①要扶養状態発生時(東京高決昭和42年9月12日ほか)
②要扶養状態を知りえた時期(広島高決昭和50年7月17日ほか)
③別居時(大阪高決昭和59年12月10日ほか)
④婚姻費用の分担請求時(大阪高決昭和43年10月28日ほか)
⑤調停・審判の申立時(大阪高決昭和62年6月24日ほか)
現在の実務では、婚姻費用の分担請求は請求時以降とするものが大半です。
ここに請求時とは、調停や審判の申立時だけではなく、それ以前に事実上請求していれば、その請求時点が始期となります。
内容証明郵便によって婚姻費用の分担を請求した場合は、その時期が始期となるという裁判例もあります(東京家審平成27年8月13日)。
過去に遡って請求することの可否
請求時点より過去に遡って婚姻費用の分担請求を認めると、その期間によっては義務者が一時に支払う金額が多額になるなど、義務者にとって過酷な結果となります。

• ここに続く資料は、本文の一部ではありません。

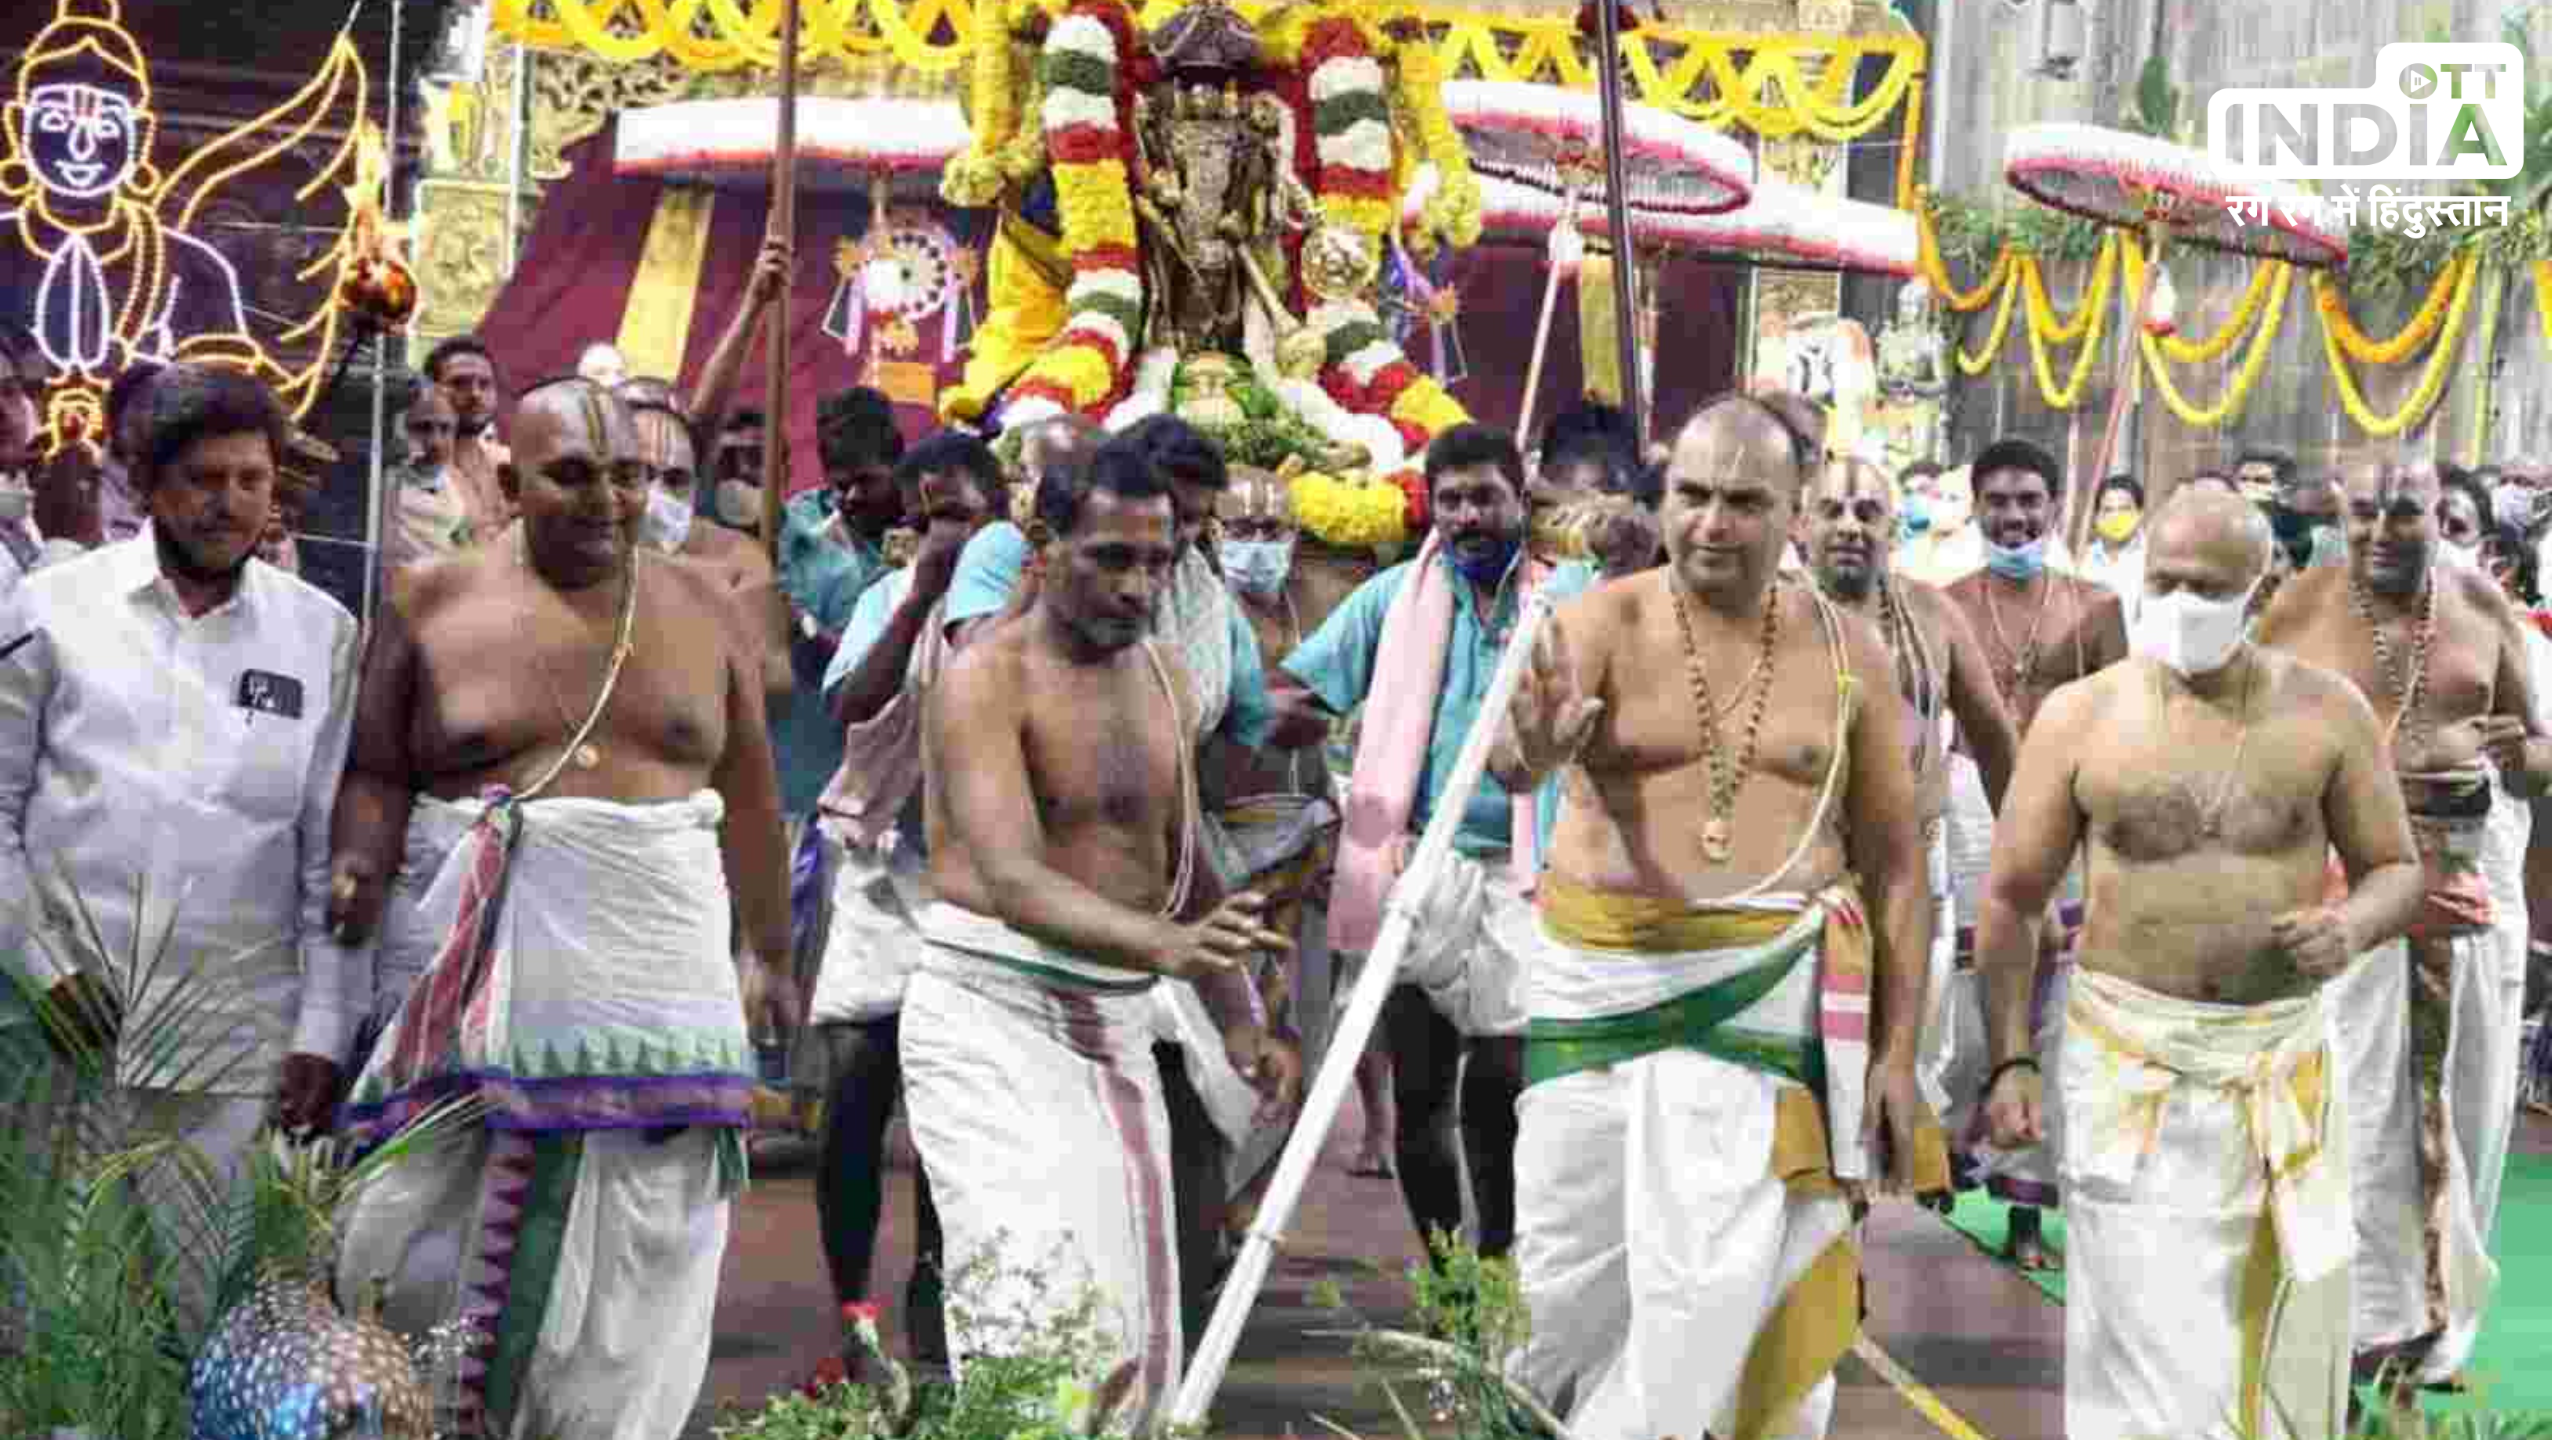 Paruveta Festival Andhra Pradesh: पारुवेता महोत्सव मछुवारों और समुद्र के बीच बंधन का है उत्सव, जानें इतिहास और महत्व

また過去に遡って婚姻費用の請求を認めなくても最終的に財産分与で清算することも可能です。
したがって、一般的には過去に遡っての婚姻費用の分担請求は認められません。
一方で、義務者の収入や資産からみて過去に遡って婚姻費用の分担を認めても過酷とはならずその分担を免れさせることが著しく公平に反する場合や、義務者が権利者の要扶養状態を知りながら権利者の婚姻費用の分担請求を妨げた事情がある場合などには、過去に遡っての請求が認められる場合があるといわれています。